EXERCISE BRIEF: Repeat the listing below verbatim, without its images.

DATASET SECTION:
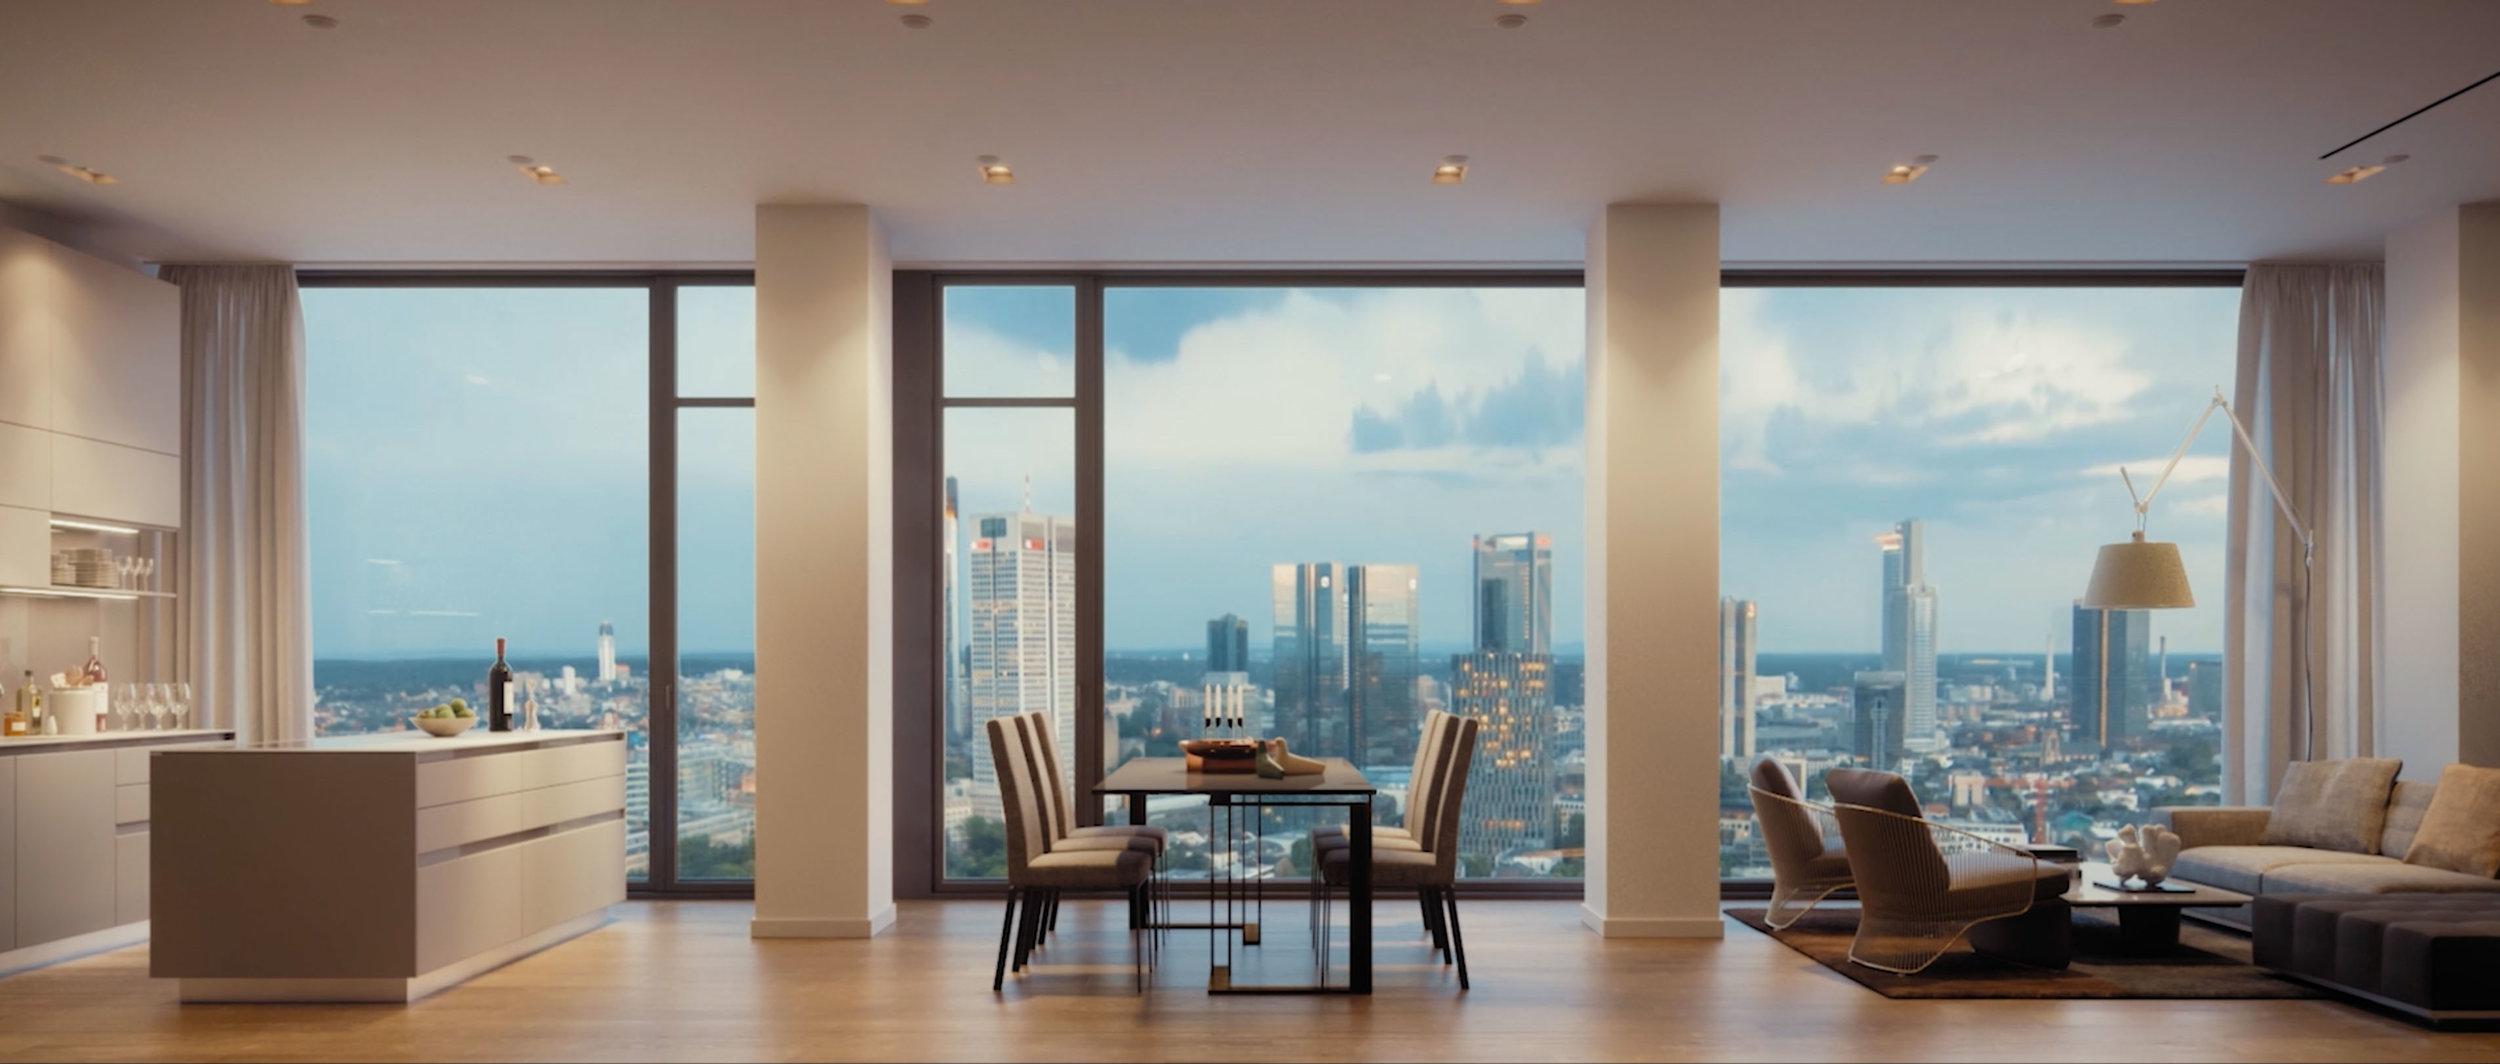 160-ParkView-Architecture-Frankfurt-New-Men-Talk-Business_02.jpg
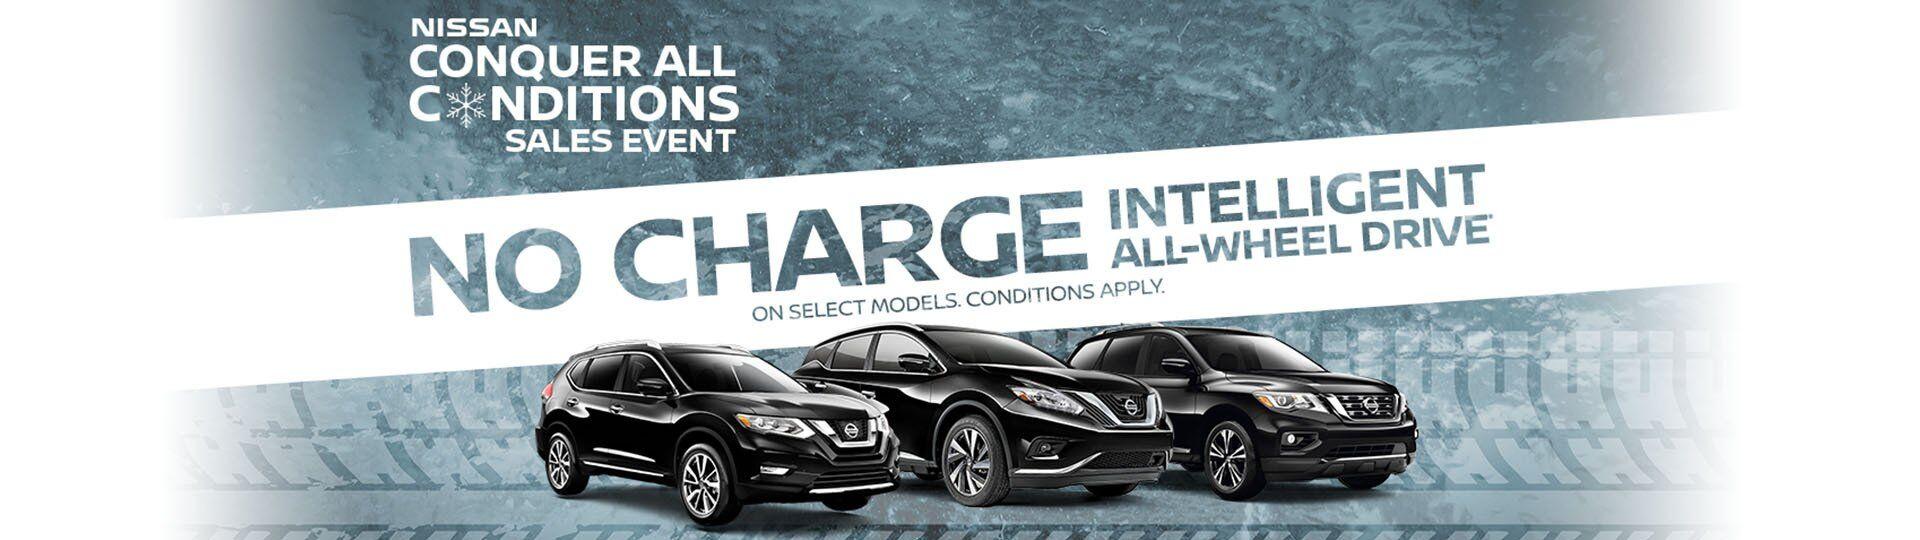 Dilawri Group Used Cars Winnipeg
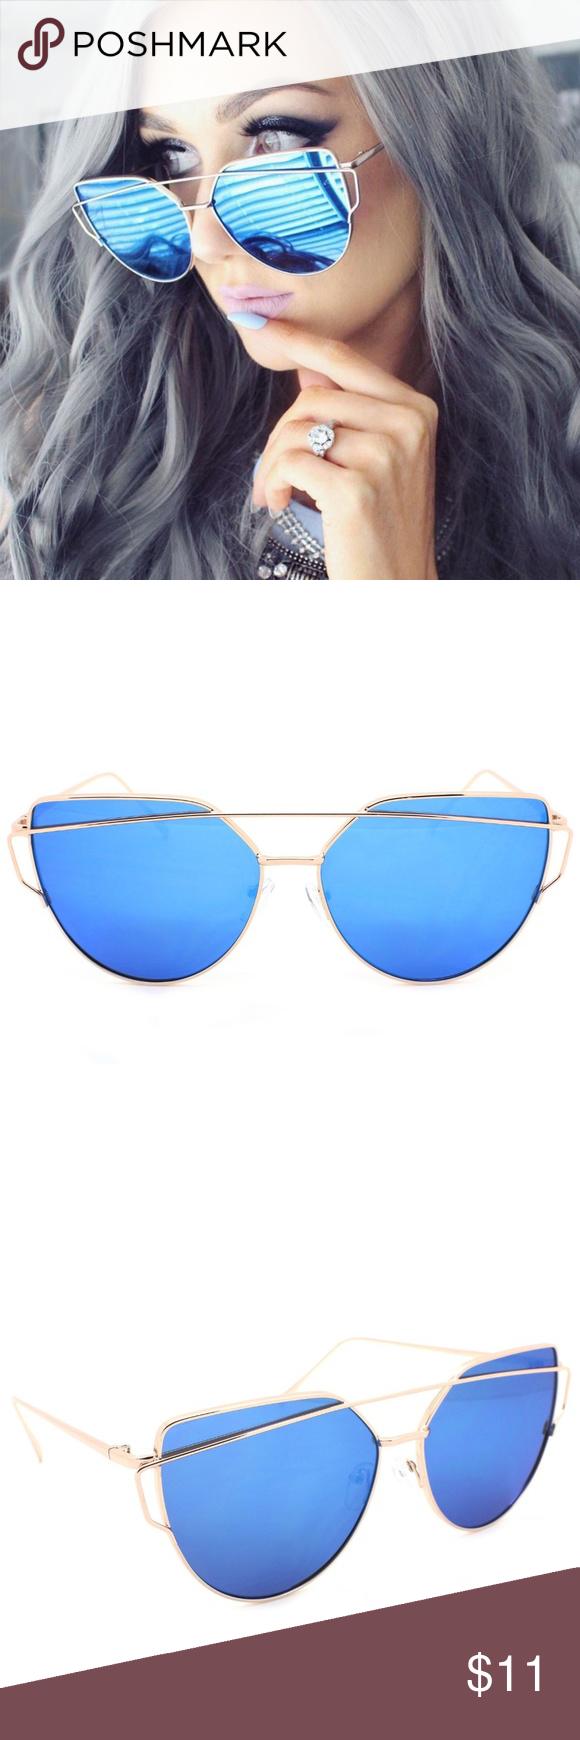 Large Cat Eye Sunglasses Blue Flat Mirrored Lens Large Oversized Cat Eye Sunglasses Flat Blue Mirrored Lens Metal Frame Women Fashion Cat Eye Sunglasses Blue Flats Sunglasses

RESULT OF THE EXERCISE:
 160-ParkView-Architecture-Frankfurt-New-Men-Talk-Business_02.jpg
 Dilawri Group Used Cars Winnipeg
 Large Cat Eye Sunglasses Blue Flat Mirrored Lens Large Oversized Cat Eye Sunglasses Flat Blue Mirrored Lens Metal Frame Women Fashion Cat Eye Sunglasses Blue Flats Sunglasses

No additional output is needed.